Tire encore si tu peux Giulio Questi / 1967

Un cow-boy métis est fusillé par ses complices, qui ont refusé de partager avec lui l’or qu’ils avaient volé. Soigné par deux indiens, il court après sa vengeance…

Quelques spoilers.
 

Ce western italien, qui malgré son titre anglais n’a rien à voir avec la série Django, doit beaucoup aux perspectives tracées par son ouverture. En débutant son film sur un héros sortant littéralement de terre, là où on l’avait un peu trop vite laissé pour mort et inhumé, Giulio Questi permet une relecture entière du genre et de ses codes habituels : la figure du cow-boy solitaire et mutique, cette icône qui traverse tant de westerns, apparaît soudain comme le résultat silencieux d’un homme revenu d’entre les morts. Son invincibilité tranquille, dans les fusillades, devient celle d’un spectre. Son choix de rester dans la ville mortifère se lit comme une sorte de damnation de l’au-delà qu’il doit expier jusqu’au bout…
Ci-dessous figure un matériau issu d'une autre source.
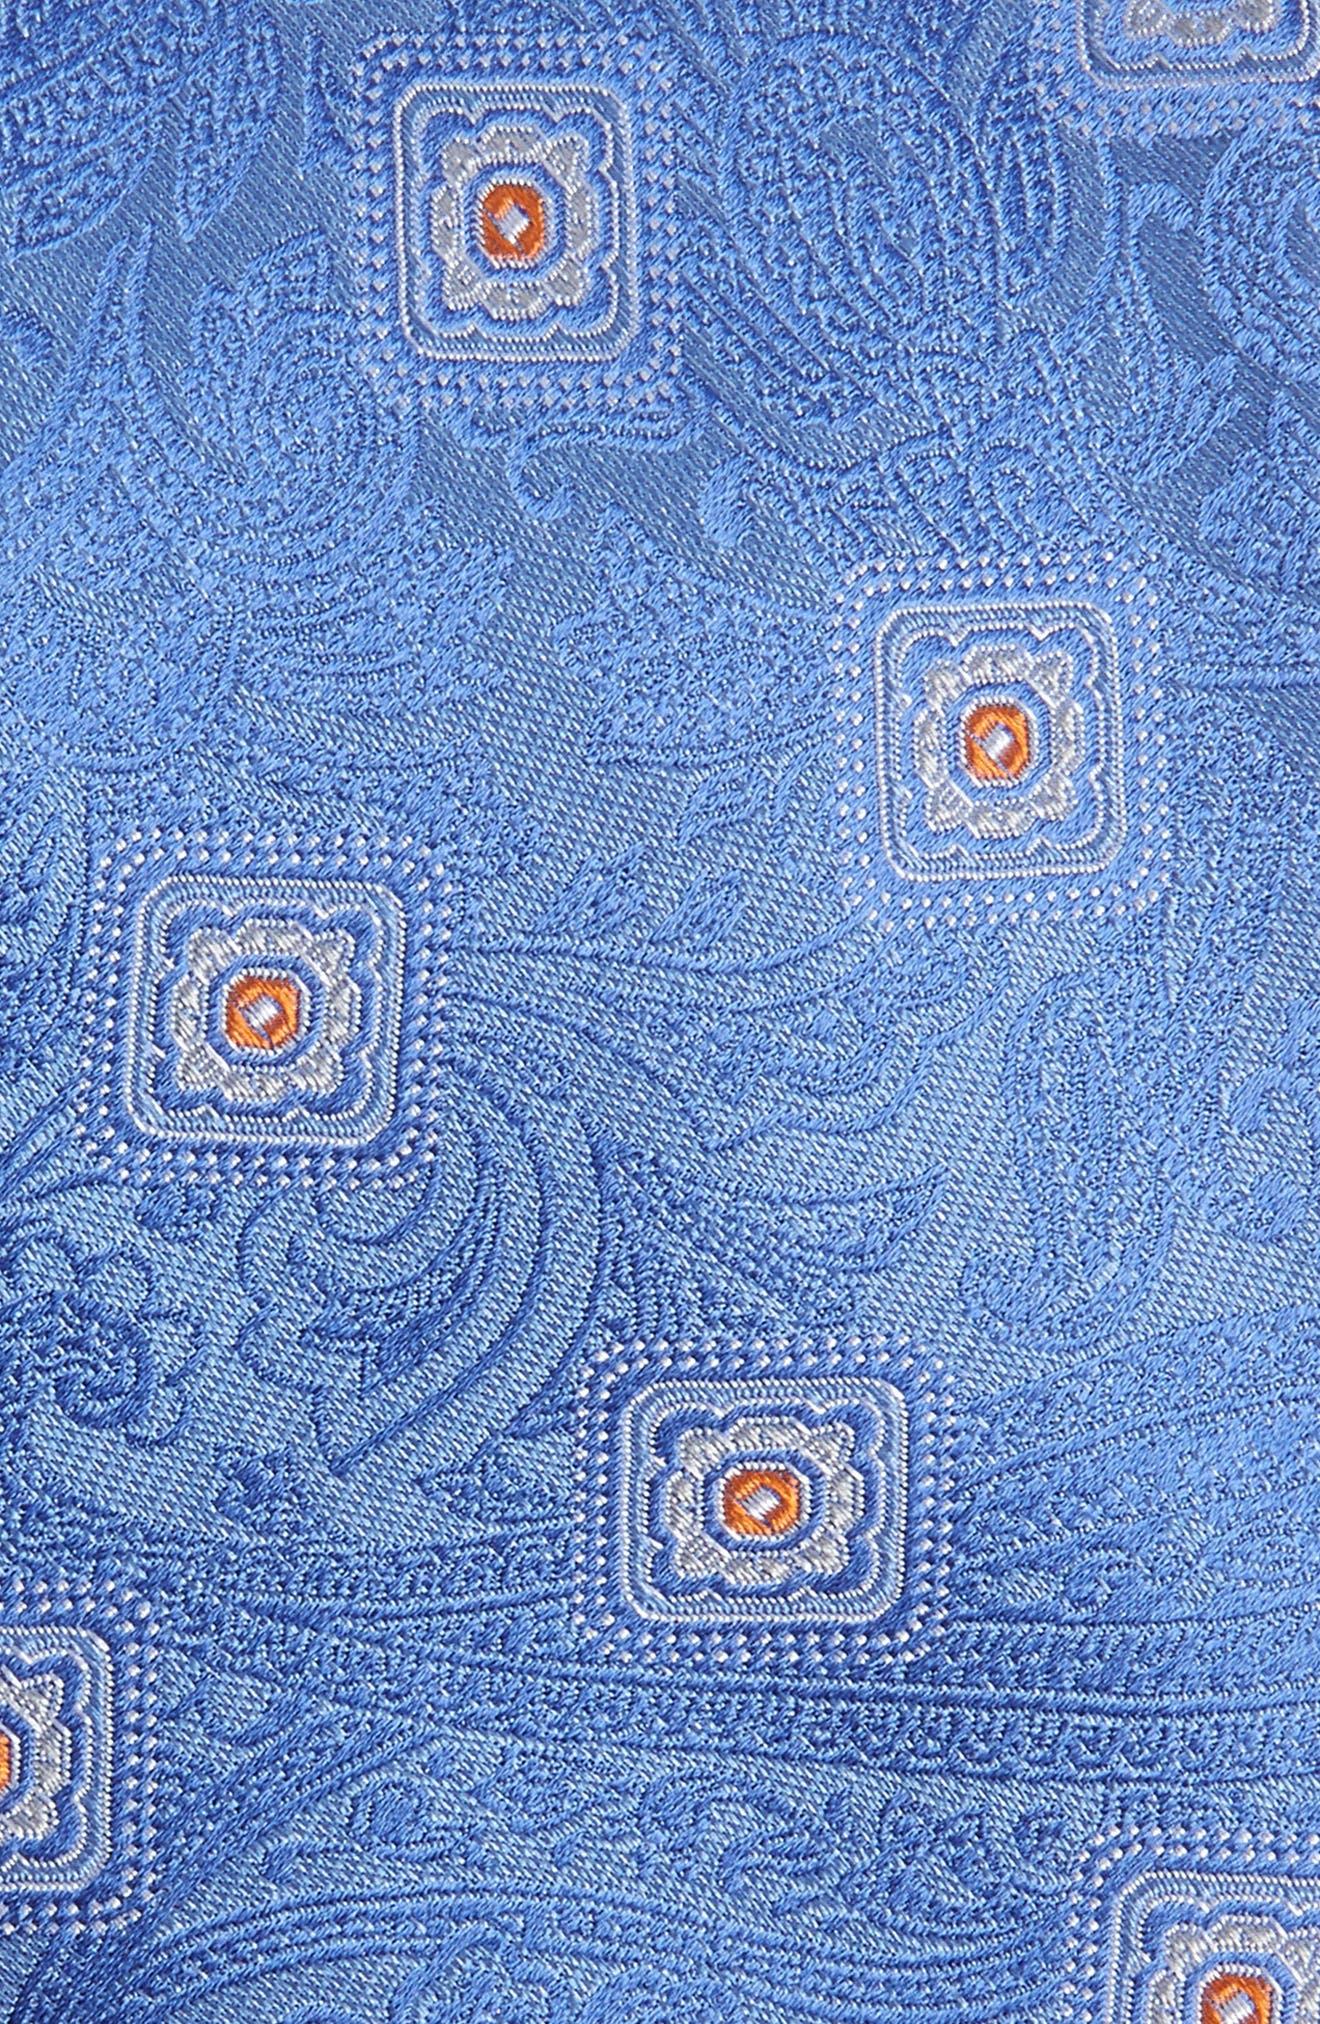 Baird Medallion Silk Tie,                             Alternate thumbnail 2, color,                             BLUE

L’autre idée phare du film est de pousser à bout l’un des traits du western italien : celui d’une conquête de l’ouest où rien ni personne n’est à sauver. Une idée ici formulée sous les traits d’un village reculé, qu’on pourrait associer aux bourgades isolées des films d’horreur de la même époque, dans lesquels des héros égarés rencontrent une communauté de cannibales ou de dégénérés. Ici c’est toute une ville qui, sous le patronage d’un homme d’église pervers, a soif de lynchage et qui court après l’or, telle une armée de zombies. Sur ce plan, le film, qui a choqué le monde à sa sortie par sa violence, fait aujourd’hui un peu petits bras : le tableau d’horreur des lieux se résume pour l’essentiel à une population cynique et grimaçante, et il faut vraiment quelques images fortes et traumatiques (le blessé tué parce qu’on y met les doigts pour récupérer l’or, le scalp, la profanation du cimetière, le métal fondu…) pour rappeler le projet profond que le film s’était initialement donné (à savoir celui de peindre un monde condamné, par l’accouplement du western et du film d’horreur).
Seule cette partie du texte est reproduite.